You will be prompted for this format file when opening an SAS file. Answer Yes to the query ‘Do you want to specify a PROC FORMAT file for the dataset?‘ if you have created this file for the value labels. If you respond with Yes, it will then prompt for a file containing the value labels created with the PROC FORMAT statement (as below). By default, Genstat will look for a file called sas_fmts.sas7bat in the same directory as the import file. The selected file will be used to transfer your variable labels.
To create a file to include the PROC FORMAT statement for Genstat to import the SAS value labels, you will need to run the following small program in SAS:
where ‘<path to SAS file>’ is the directory that contains your import data file.
This procedure creates a SAS file in the directory ‘<path to SAS file>’ that has the format information for each SAS data file. In this case, the file will have the name sas_fmts.sas7bdat and it will be found in the same directory as the import file.
SAS catalogue files not only support conventional value labels (the one-to-one mapping of a string to a single number), but also the mapping of a range of numeric values to a single string (for example, zip code mapped to state). However, Genstat will only import conventional one-to-one value labels from SAS.
When opening Instat files you will be prompted with a dialog where you can specify additional options for how the data are to be imported. The dialog controls the column names used by Genstat and how the three missing values in an Instat worksheet file are interpreted when reading this file into Genstat. Also you can just import a subset of the columns from the Instat file.
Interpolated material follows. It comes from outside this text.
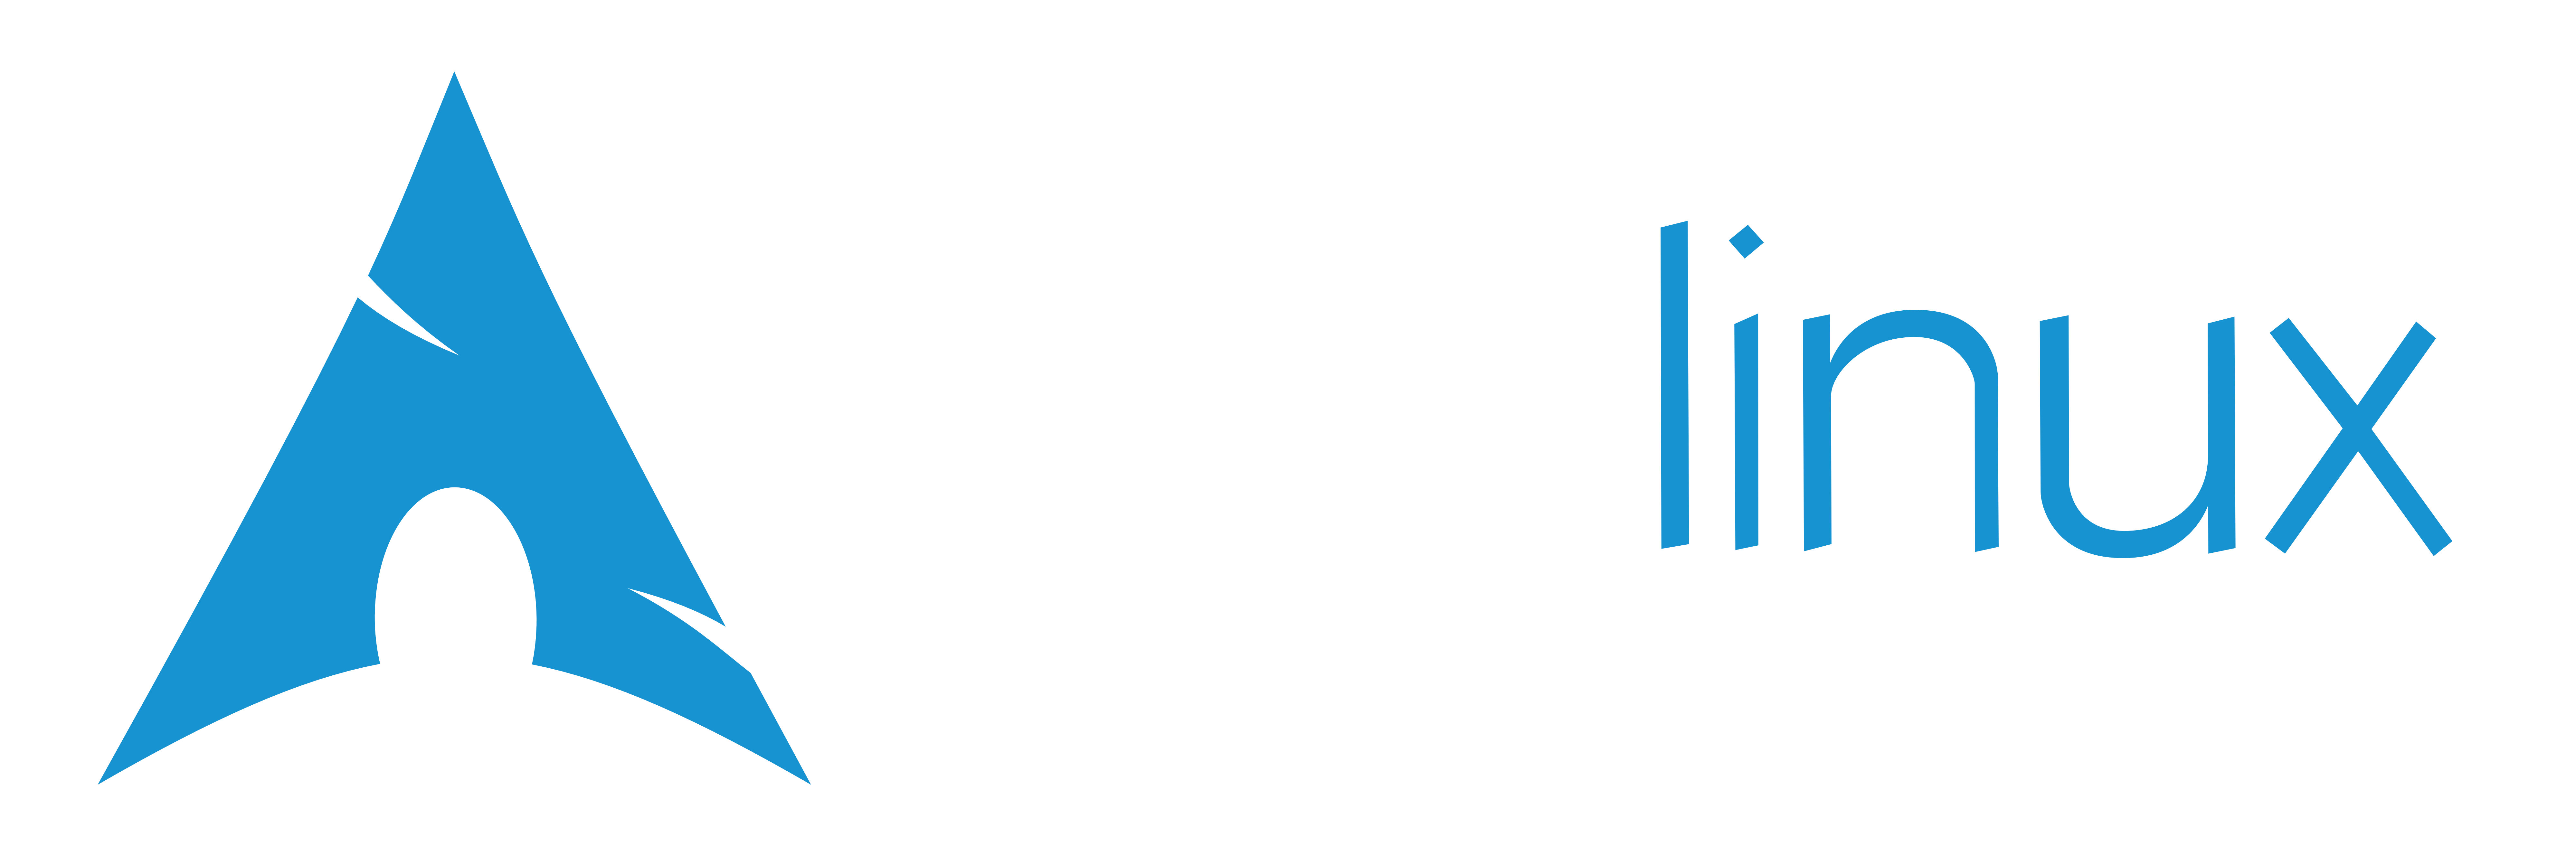 Archlinux-logo-light-1200dpi.7ccd81fd52dc.png

|Converted to 8 unique characters||The Instat column names will be renamed to unique Genstat names no more than 8 characters long. For example the names LongName1 and LongName2 would be renamed to LongName, LongNam1.|
|Full names used||The full Instat column names will be used.|
|Default Instat names (X1,X2…)||The default Instat names of X1, X2, X3 will be used in the Genstat spreadsheet. The Instat column names will be put in the Column description|
|Select columns to be imported||A dialog will display that allows you to specify which columns are to be imported from the Instat file. The following radio button in the Missing value field allow you to specify how the Instat missing values are imported.|
|Missing||The Instat missing value will be interpreted as a Genstat missing value i.e. an asterisk * for numeric values or an empty string for text values.|
|Ignored||The Instat missing value will be interpreted as the numerical value used in Instat. For example an Instat missing value of -999 will be read in as -999.|
|Read in as||The Instat missing value will be converted to the specified numerical value given in the subsequent edit field.|
When an SPSS file is imported you will be prompted with a dialog where you can specify how Genstat will interpret the missing values in the SPSS files. SPSS data columns can have up to three special missing value codes associated with them. For example, a 1-5 categorical response may have items 7, 8 and 9, which are special missing value codes meaning, ‘Unprepared to answer question‘, ‘Not applicable‘, and ‘Invalid response’ respectively. This dialog allows you to specify how these special codes are handled.
|Ignored for this column||The missing value codes will be read in as standard numbers.|
|Made missing for this column||The SPSS missing value codes will all be set to missing values in Genstat i.e. an asterisk * for numeric values or an empty string for text values.|
|Ignored for this column and all subsequent columns||The SPSS missing value codes will be read in as standard numbers for this column and all other following columns|
|Made missing for this column and all subsequent columns||The SPSS missing value codes will be all set to missing values in Genstat for this column and all other following columns i.e. an asterisk * for numeric values or an empty string for text values.|
When opening Matlab 5 files you will be prompted with a dialog where you can select the data structure that you want to be imported from the file. A Matlab 5 workspace file can contain multiple structures. Genstat can only select a single structure from a workspace file at present.
- In the list of structure in the Matlab workspace file, select one of the structures with the mouse then click OK.
- To retrieve multiple vector structures you will need to open the Matlab 5 again using Spread | Add | Data File and select the additional columns, repeating for as many columns as you require.
Some Matlab structures cannot be imported: these are marked with an X.
If opening a .dcf file from the File | Open menu you will prompted to select the level, records and items that you require from the CSPro survey file. The Select Records dialog allows you to specify the level within the survey, and the records within that level, then the Select Items dialog allows you to select the items within the selected records, and how you want them read into Genstat.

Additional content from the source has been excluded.